The screen is divided into two parts: a graphics window and a text window (see the document MicroCosm Player Interface for information on how these affect player interaction). The graphics window fills the lower portion of the screen. It is as wide as the screen is and exactly half that high (i.e., it has a 2:1 aspect ratio). All the animation is rendered within this window. The upper part of the screen is where the text goes. The text window is used to display text typed by the player, messages from other players, and other messages from the system itself (the latter will be rare).

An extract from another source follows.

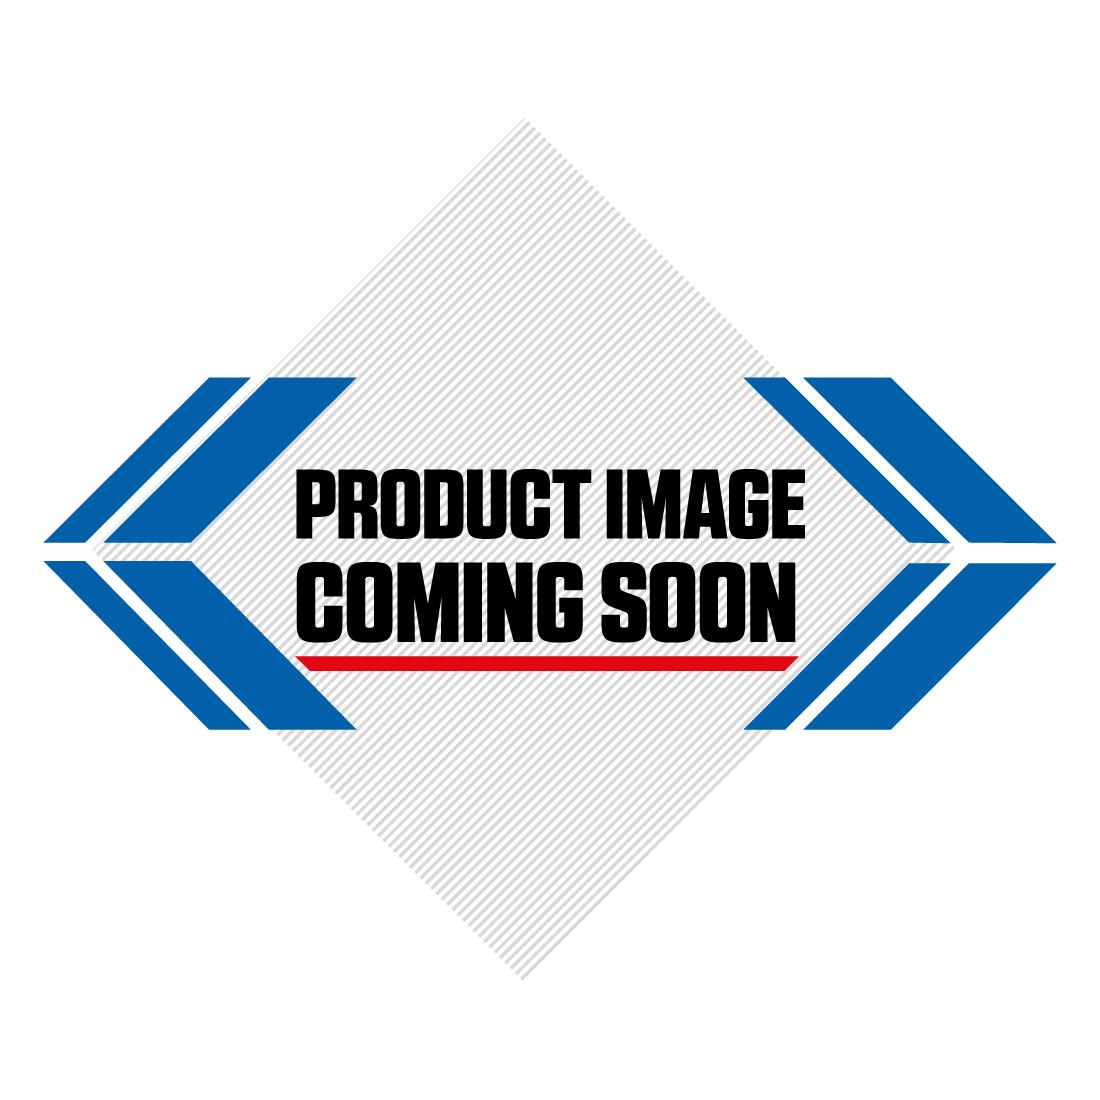 Renthal Twinring Rear Sprocket KTM SX SX-F EXC EXC-F Husqvarna TC FC TE FE - Orange Image-5

The text will be displayed with surrounding graphics or with a special character set that lets us show the text inside a cartoon style word balloon. Each time a new player speaks the balloons in the text area scroll upward. Successive speakers’ balloons will have different background colors to distinguish them from one another. In addition, for the first few seconds a balloon is on the screen, we will draw a downward pointing "V" from the bottom of the balloon to the head of the avatar who is speaking. This will enhance the visual impression of the balloon as cartoon device. After a few seconds (a time computed on the basis of the length of the text in the balloon) the "V" disappears. On the Commodore 64 this "V" is easily implemented as a sprite.

Cursor

The cursor is controlled by the joystick. The player uses the cursor to designate his focus of attention for purposes of issuing commands to his avatar. The cursor is thus interpreted as pointing to a particular object on the screen at any given time. Sometimes this will be the blank background, which must function as a sort of pseudo-object for the designation process to work correctly. Not surprisingly, the cursor is probably most easily implemented on the Commodore 64 using a sprite.

The shape of the cursor is, as yet, undecided. Strong candidates include the arrow pointer (as found in the Macintosh and the Amiga), a crosshair, or a circle. The circle is an interesting idea: we could vary the diameter of the circle depending on the size of the object it is indicating, so that the circle always more or less encloses the object. Another possibility is to not really have a cursor but to simply highlight the selected object in some fashion. However this could be unsightly and also makes it hard to simply point at locations in the region, rather than at particular objects.

Sound Effects

Many of the objects in the world will be able to make sounds as part of their behavior. The home system will include a sound effects driver and a library of sound effects data. To make a sound, the behavior code for an object simply calls the sound effects driver with the number of the sound effect that it wants. Sounds will be implemented as a simple set of discrete noises of various sorts.